My neighbor teaches piano out of her front room. 23 active students, from a four-year-old working on simple five-finger patterns up to a high schooler prepping for a state competition. She's been teaching for 17 years. Her current system is: Google Calendar for lessons, a composition notebook per student (physical), and Venmo for tuition.

She doesn't need commercial music-school software. She needs the notebook, digitized, plus a tuition tracker, plus recital sign-ups, plus a way for parents to see practice logs without becoming a user-management surface of its own.

musicschool is that.

What It Does

Lesson Notes Carry Forward (Again)

You'll notice a pattern across the Dangercorn catalog. Lots of our apps have "notes carry forward" as a feature. coachboard does it for coaching. meetingmind does it for team action items. musicschool does it for lessons.

This isn't laziness. It's the single most valuable pattern we've built, and we're putting it in every vertical where continuity across sessions matters. A piano teacher should not be re-reading last week's notes at 3:59 PM to remember what they assigned at 4:00. That's wasted energy; the system should hand it back.

Practice Logs Without the Shame

I was a pretty miserable piano student as a kid. The single worst part was the Tuesday lesson where my teacher asked "how much did you practice?" and I had to lie. Every kid who's taken lessons has done this.

musicschool doesn't fix the practicing problem. But it does put the practice data in the teacher's hands before the lesson, which means the conversation can be "I see you only practiced 15 minutes on the new Bach — what's hard about it?" instead of "did you practice?" The first conversation is useful. The second is humiliating theater.
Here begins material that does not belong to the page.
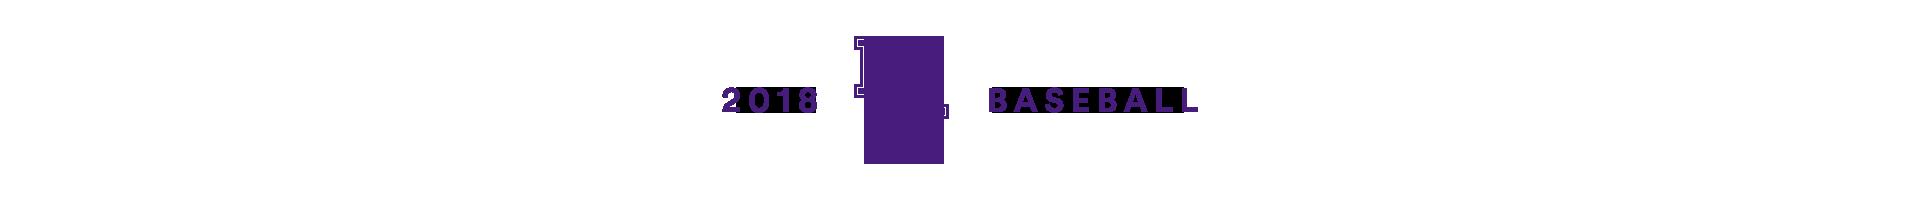 Lsu baseball clipart banner free Clint Self - LSU Baseball 2018 banner free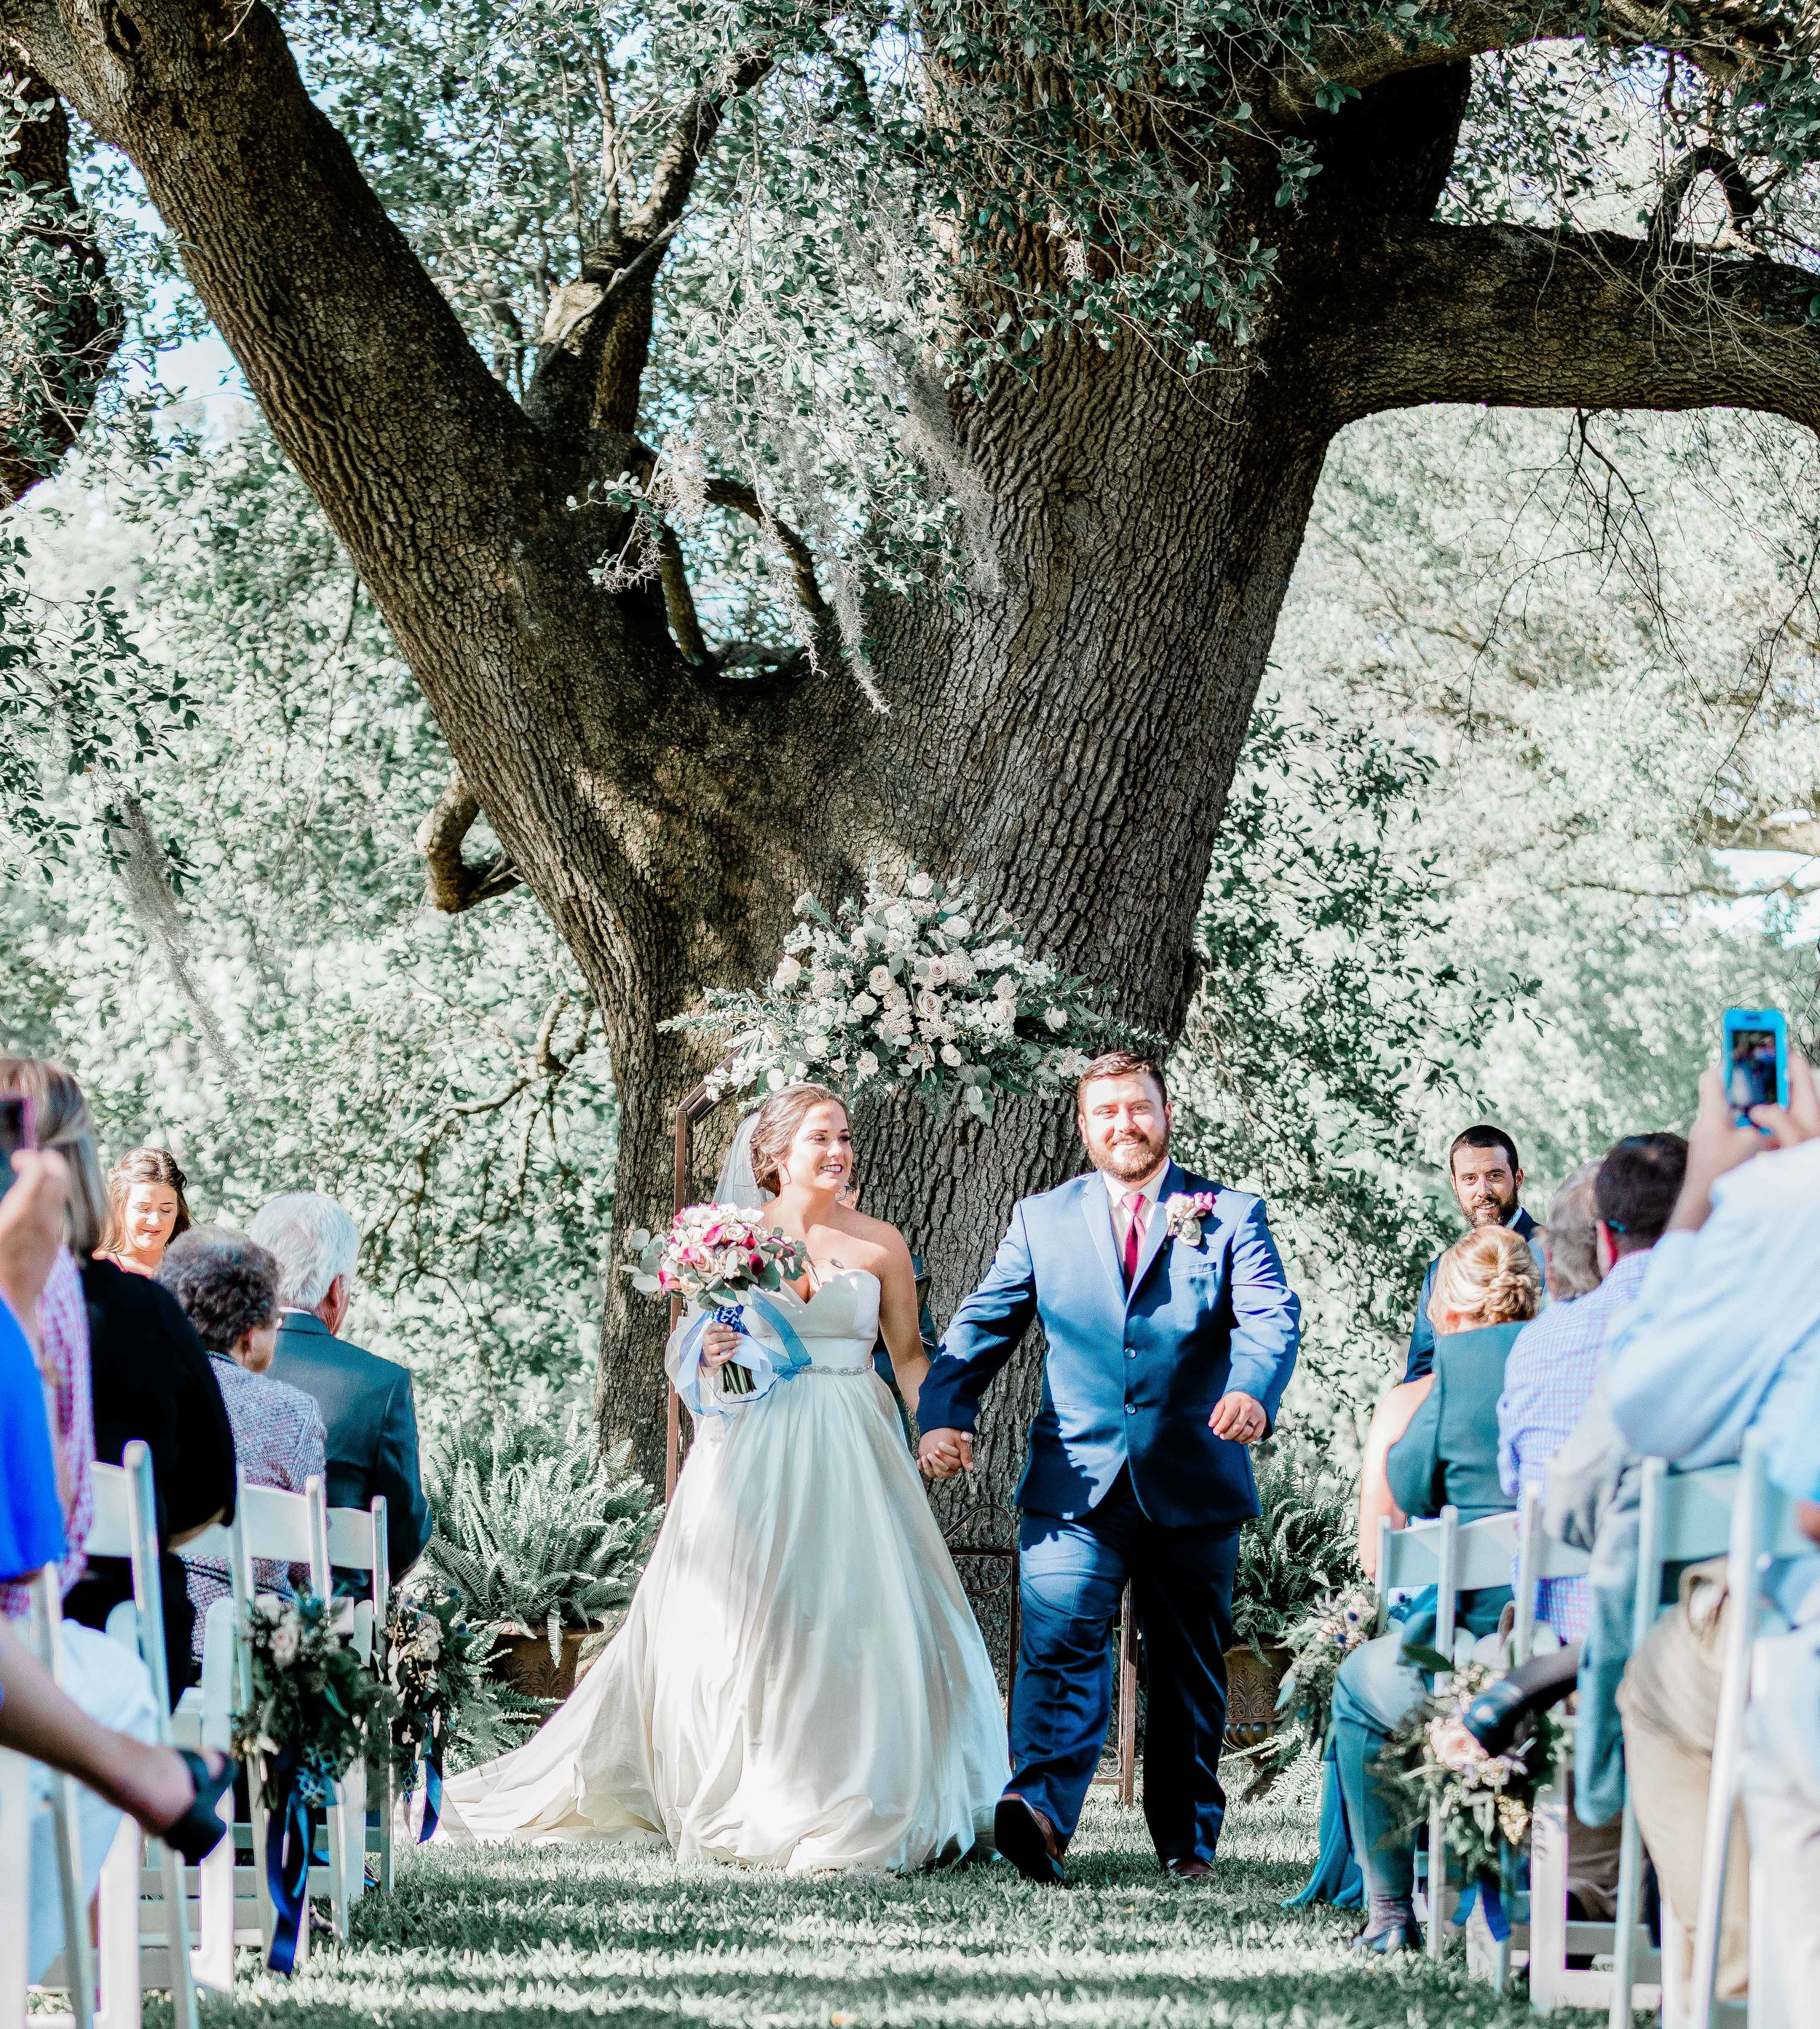 20190427-Southern Lens Photography- Savannah Wedding Photographer-Screven and Caroline-201969.jpg

Parents can log practice on the kid's behalf (common for younger students). Older students log their own. The log shows minutes per day per piece, with a weekly total. Teachers see a 7-day graph per student before each lesson.

Recital Program Generation

This is a feature I added because my neighbor asked for it, and it's become the most-praised feature in beta.

Set up a recital: date, venue, start time. Open sign-ups. Students submit their piece (title, composer, duration) and whether they need an accompanist. musicschool builds the running order (usually chronological by difficulty or skill level) and generates a print-ready PDF program.

The teacher can override the order. The program has cover art, the venue info, sponsor logos if applicable, and every student's piece properly formatted. What used to be a three-hour task the night before the recital is now a 15-minute review.

The Build

Flask + SQLite + Jinja. Single-password auth for teacher; tokenized parent/student URLs. WeasyPrint for recital programs. HTMX for practice log updates. 1,600 lines of custom code.

git clone https://github.com/Dangercorn-Enterprises/musicschool.git
cd musicschool
pip install -r requirements.txt
echo "AUTH_PASSWORD=studio" >> .env
python app.py
# → http://localhost:8670

Pricing

Who It's For

Solo piano/guitar/voice/violin/cello/percussion/brass/woodwind teachers running their practice out of their home. Small community music schools (2-10 teachers). The Suzuki studio down the street. The church basement with four teachers rotating through.

Not for: large university music schools, conservatories, or 50+ teacher operations. They have enterprise needs we don't touch.

The best music teachers spend their time teaching music. Every hour they spend inside software is an hour not spent at the keyboard with a student.

Related

coachboard for the solo-practitioner parallel. churchadmin for community music programs run out of a church building. childmilestone for parents tracking kids' progression alongside lessons.

Repo: github.com/Dangercorn-Enterprises/musicschool.

What's On the Roadmap

Three things I'm building toward for musicschool:

Repertoire library with audio. Standard pieces (the Suzuki book pieces, the Royal Conservatory list, the All-State audition pieces) come with reference recordings. Students can hear the piece while reviewing notes.

Annual recital portfolio. At year-end, generate a PDF for each student showing every piece they worked on, every recital they performed in, every milestone they hit. Makes a great keepsake for the parents and a clear progression record.

Group-class support. Right now musicschool is one-on-one focused. Adding group-class scheduling (theory class, ensembles) would round out the multi-teacher school use case.